Capítulo 111 — Consórcio Imobiliário Como Alternativa (e Limitação) ao Financiamento Bancário
Síntese. O consórcio imobiliário é uma alternativa ao financiamento bancário para a construtora ou o cliente final, oferecendo uma forma de adquirir imóveis ou capital para construção sem juros, mas com a limitação de não ter prazo definido para a contemplação da carta de crédito.
Consórcio imobiliário é alternativa sem juros ao financiamento, mas com incerteza na contemplação.
Em um cenário onde as taxas de juros do financiamento bancário podem ser elevadas e as exigências burocráticas, complexas, o consórcio imobiliário surge como uma modalidade atrativa tanto para o cliente final quanto para a construtora que busca capital ou deseja oferecer uma opção de compra diferenciada. Administrado por empresas especializadas e regulado pelo Banco Central, o consórcio funciona como um autofinanciamento em grupo, onde os participantes contribuem mensalmente para formar um fundo comum, que é utilizado para contemplar um ou mais membros com uma carta de crédito.
O que é consórcio imobiliário e como ele se diferencia do financiamento?

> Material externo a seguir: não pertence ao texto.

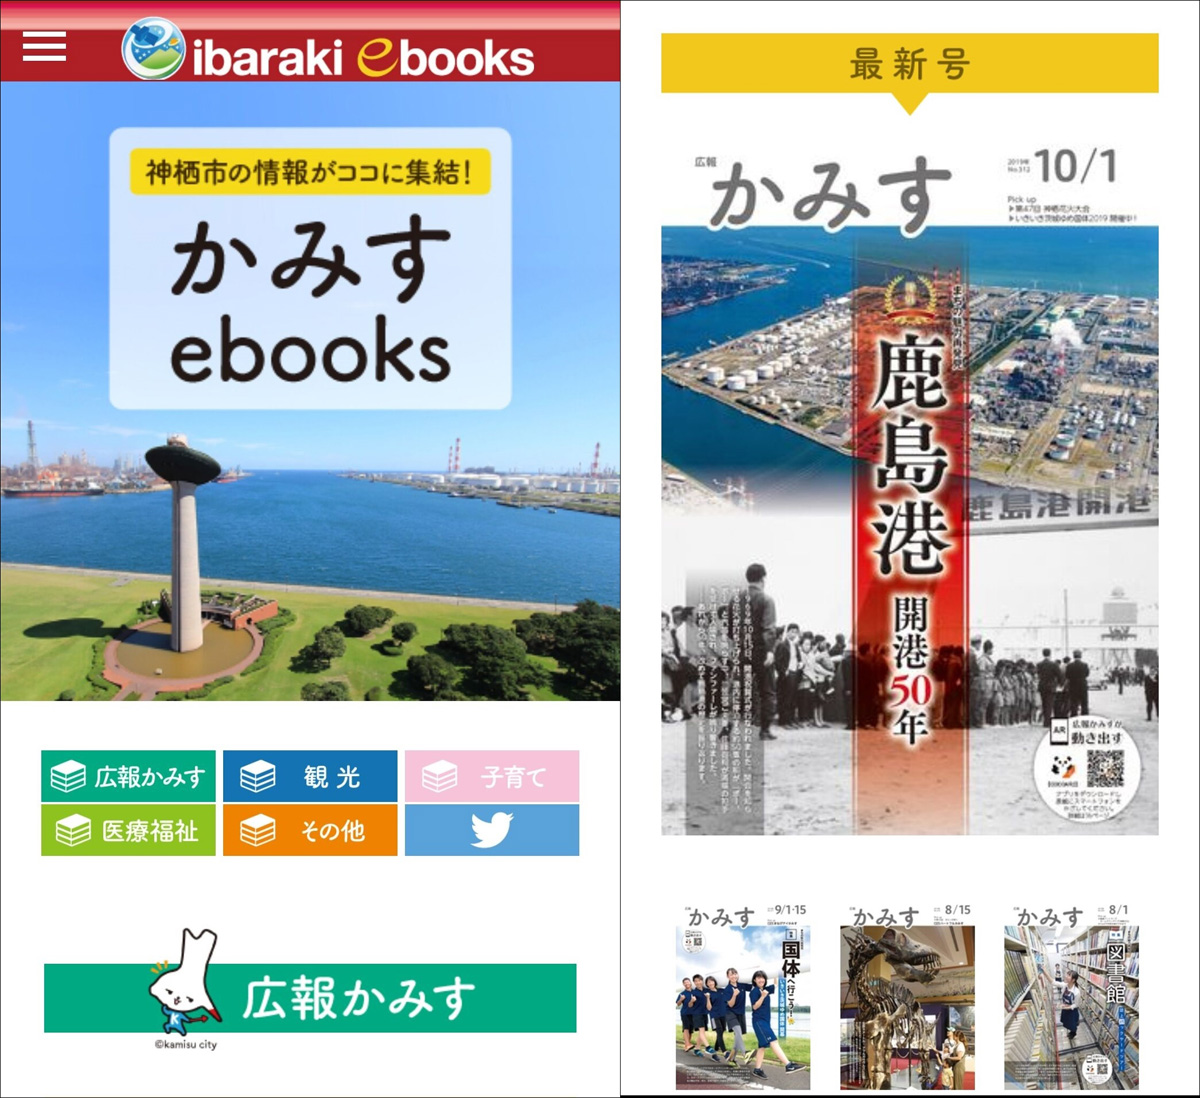 神栖市の発行物を集めた電子書籍特設サイト「Ibaraki-ebooks」にもアクセスできる

O consórcio imobiliário é uma modalidade de compra planejada, sem a cobrança de juros, apenas uma taxa de administração. Os participantes pagam parcelas mensais e concorrem à contemplação por sorteio ou lance. Uma vez contemplado, o consorciado recebe uma carta de crédito com o valor contratado, que pode ser utilizada para comprar um imóvel pronto, um terreno, construir ou reformar.
A principal diferença em relação ao financiamento bancário é a ausência de juros. Enquanto o financiamento envolve juros sobre o saldo devedor desde o início, o consórcio cobra apenas uma taxa de administração, que é diluída nas parcelas. No entanto, a grande limitação é a incerteza da contemplação. No financiamento, o cliente sabe exatamente quando terá acesso ao dinheiro (após a aprovação). No consórcio, a contemplação pode ocorrer no primeiro mês ou no último, dependendo da sorte ou da capacidade de dar lances.
Como a construtora pode utilizar o consórcio imobiliário?
A construtora pode se beneficiar do consórcio de algumas formas: 1. Como cliente: Utilizando cartas de crédito de consórcio para adquirir terrenos, construir sua sede, ou até mesmo para capital de giro, desde que a administradora permita a utilização da carta para construção ou aquisição de bens relacionados à atividade. 2. Como parceira de vendas: Oferecendo o consórcio como uma alternativa de compra para seus clientes. Muitas construtoras têm parcerias com administradoras de consórcio, facilitando a venda das unidades. O cliente compra a unidade com a construtora e usa a carta de crédito do consórcio para quitar o imóvel. 3. Para gerar capital de giro (com cautela): Em alguns casos, construtoras vendem cartas de crédito contempladas que adquiriram (ou de clientes que desistiram) para gerar liquidez. Essa prática, porém, exige cautela e conformidade com as regras das administradoras e do Banco Central.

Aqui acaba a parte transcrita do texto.